Yasodhara is homesick and misses Shiva. Visaka goes to work as a preschool teacher’s aide while Nishan takes a job as a parking attendant. When Yasodhara and La go for a walk to explore their uncle’s neighborhood, their American neighbors call the police, and they are taken back home in a police car. They are constantly made aware of their otherness through the looks and reactions of strangers in America.

The family moves to a one-bedroom apartment, but tension between Visaka and Nishan intensifies. He spends every moment possible studying for his engineering certification exam and is promoted to an office administration position. The family begins assimilating to American life, purchasing a car and learning to substitute ingredients to mimic their Sri Lankan cuisine. When Yasodhara receives a paint set for Christmas, she is uninterested and lets Lanka keep it. Enraptured, Lanka becomes a budding artist; Yasodhara notices “that the colors have released something inside her” (115). Yasodhara finds her passion in books.

The next move is to a single-family home, “that most cherished slice of the immigrant dream pie” (117). The sisters have their own bedrooms now. La paints her room, while Yasodhara fills hers with books. La grows into a beauty, while Yasodhara is plain in comparison. These differences draw the sisters apart, with Yasodhara retreating behind books and “an impenetrable wall of studiousness” while Lanka attempts to connect with her.

As the family assimilates to American life, the civil war in Sri Lanka continues. Sylvia Sunethra provides updates from the island, Uncle Ananda encourages the family to support Sinhala forces, and more family members arrive in the United States to escape the violence. The chapter closes Part 1 with Yasodhara’s vivid dream of a female suicide bomber.

Part 1, Chapters 6-7 Analysis

The tension increases as the violence leading to the civil war gets closer to the narrator’s family. That the domestic tension continues in the United States reflects ongoing clashes back home, establishing a sense that conflict cannot be avoided simply by moving from one location to another. The family’s departure to America provides relief from the immediate violence, but Yasodhara’s dream of the female suicide bomber foreshadows Lanka’s eventual death. Leaving the island is only a temporary refuge; Yasodhara eventually learns that her ties to the island cannot be completely erased or avoided.
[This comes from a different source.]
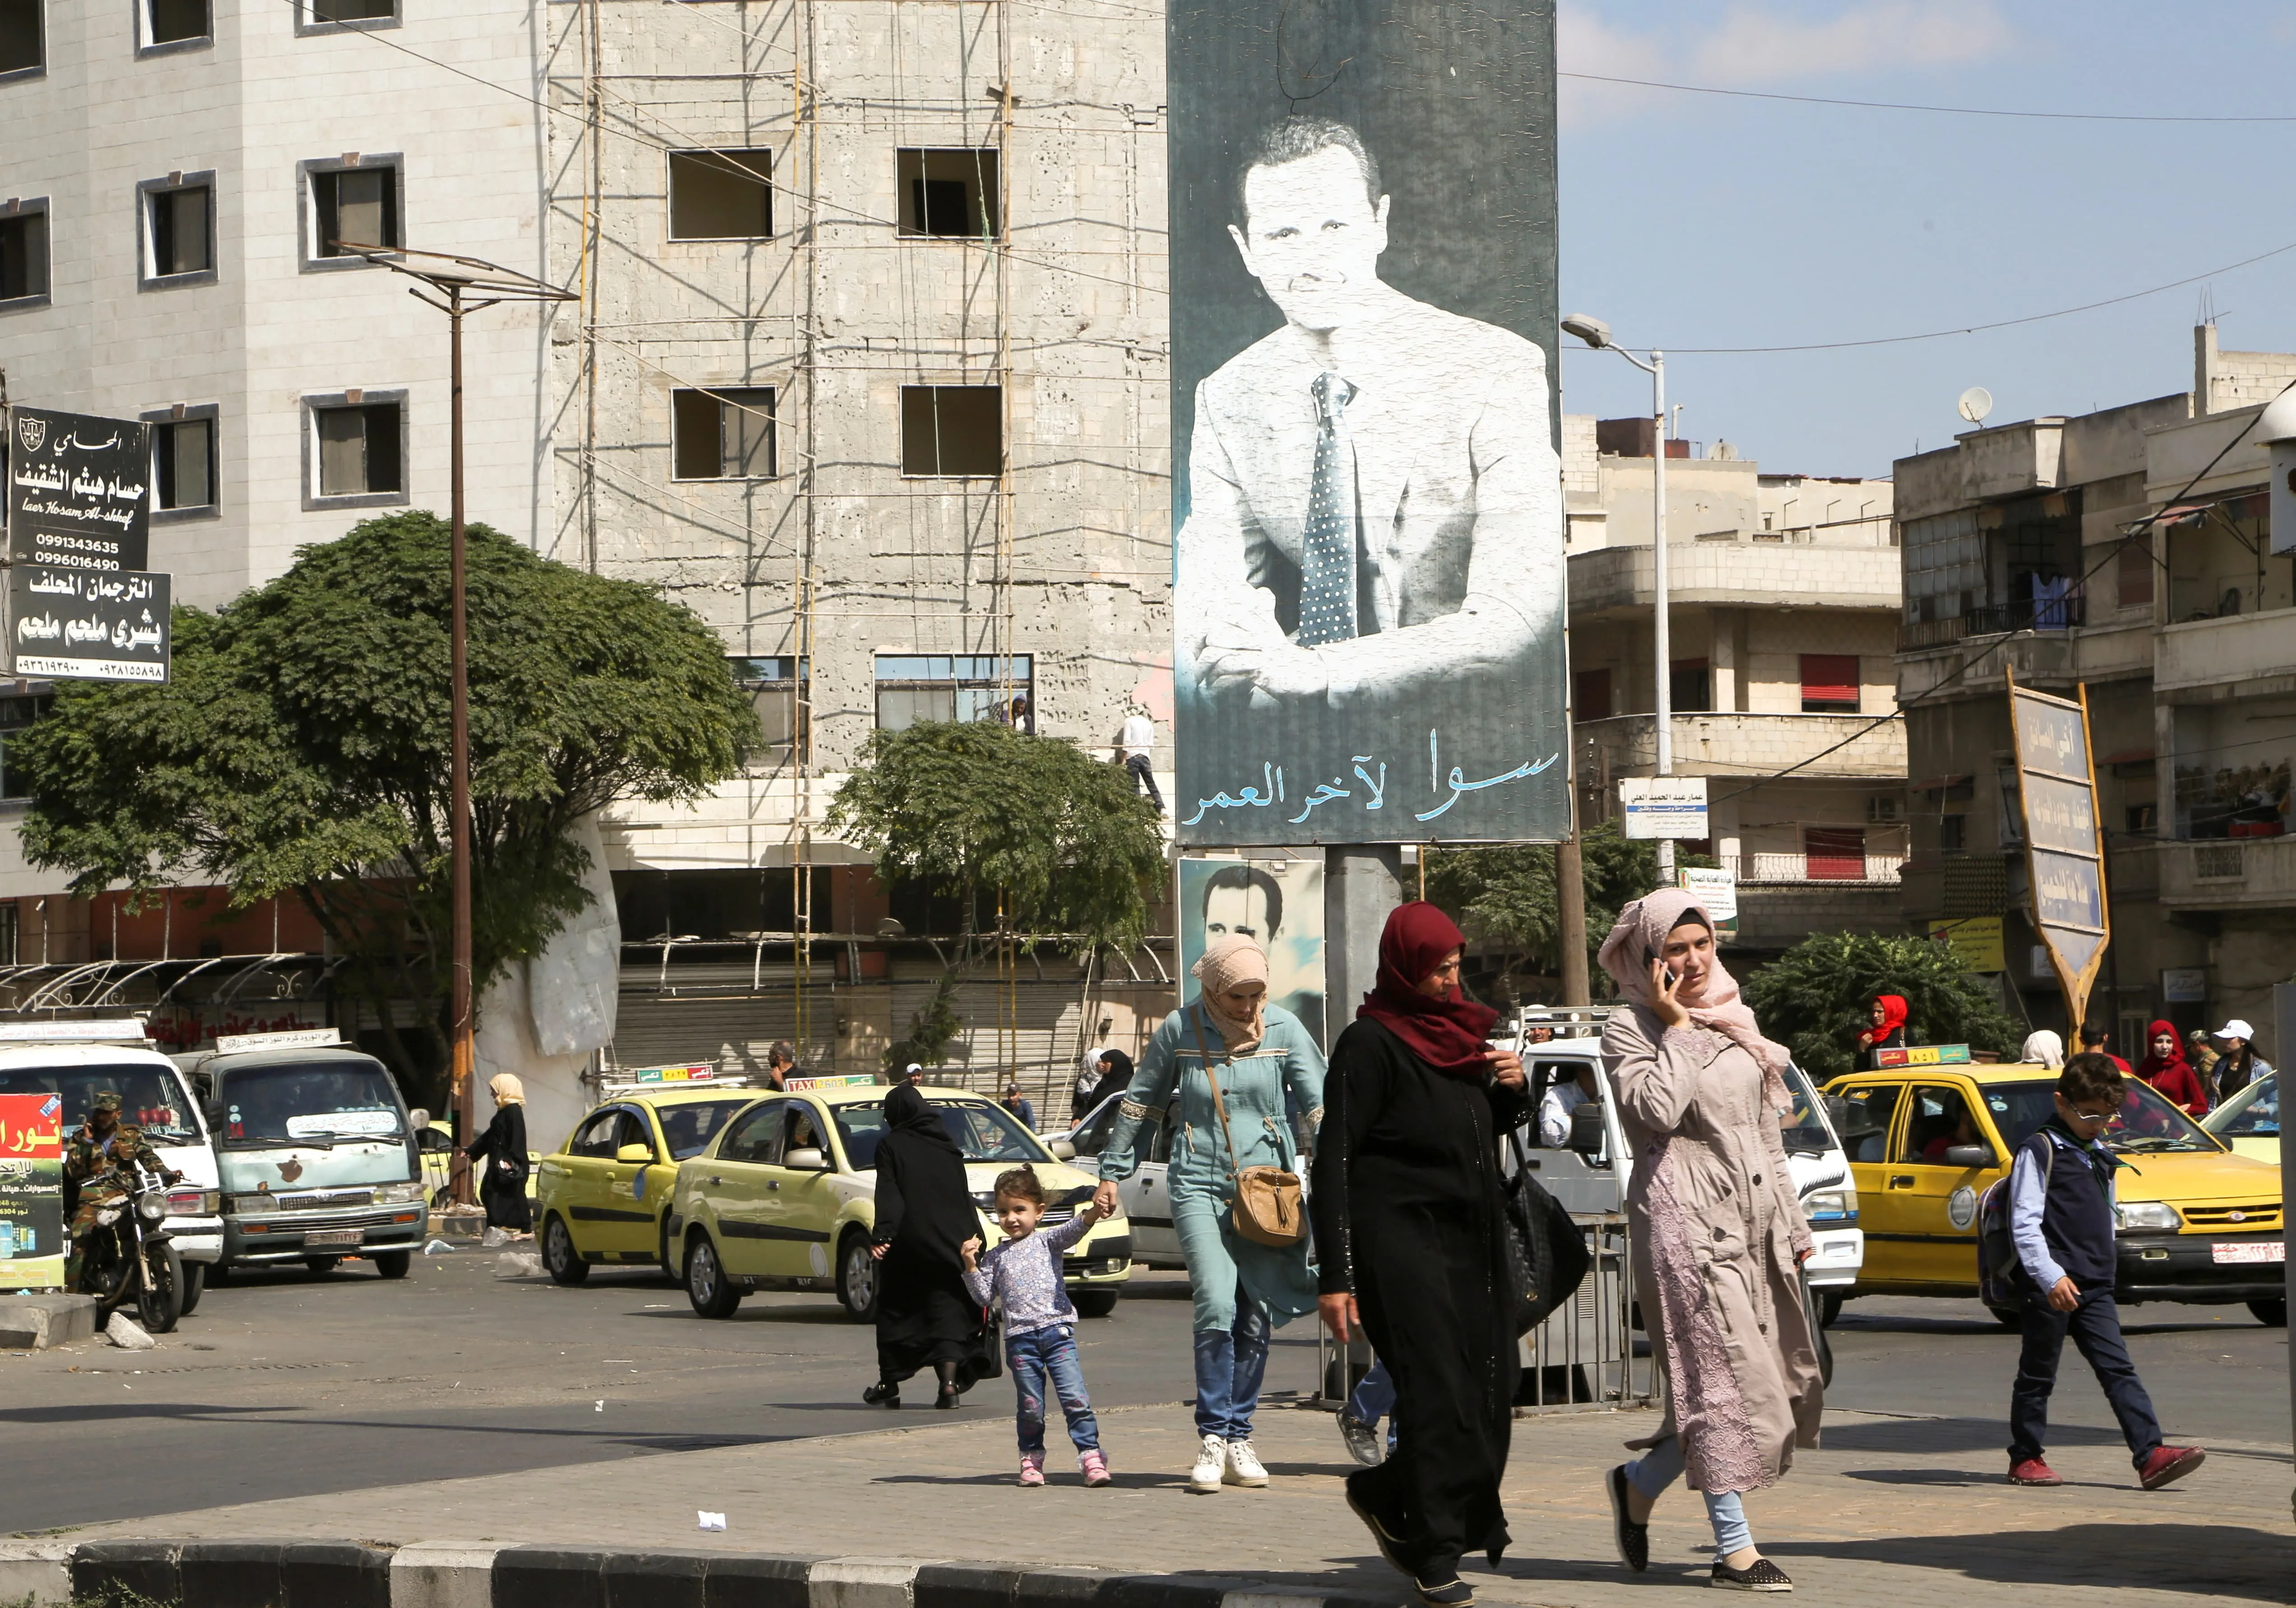 خبيرة موالية تكشف أرقام صادمة حول التضخم وتضاعف الأسعار في سوريا

The immigrant experience is highlighted for readers when Yasodhara’s previously privileged family finds themselves in Los Angeles. Nishan, her engineer father, takes work as a parking attendant while he studies to gain certification in a field he already knows. Visaka, the proud daughter of the Wellawatte house in its prime, must stifle her frustration over becoming the renting minority looked down upon by an ignorant landlord. Chapter 7 brings to the surface multiple struggles associated with the experience of immigrating: a dislocating sense of otherness, frustration from feeling overlooked and misunderstood, and the struggle to acclimate to a new culture without losing your own.

Chapter 7 also marks a significant point in the plot, as the civil war officially begins. Direct mention of suicide bombers and hints that they will play a meaningful role become frequent. Yasodhara’s dream of a female suicide bomber from a house by a lagoon directly foreshadows Saraswathi’s origin and eventual role in the story, and this dream is immediately followed by Saraswathi’s voice opening Part 2. This closing to Part 1 carries the reader directly from Yasodhara’s dream into the nightmare that is taking place back in Sri Lanka.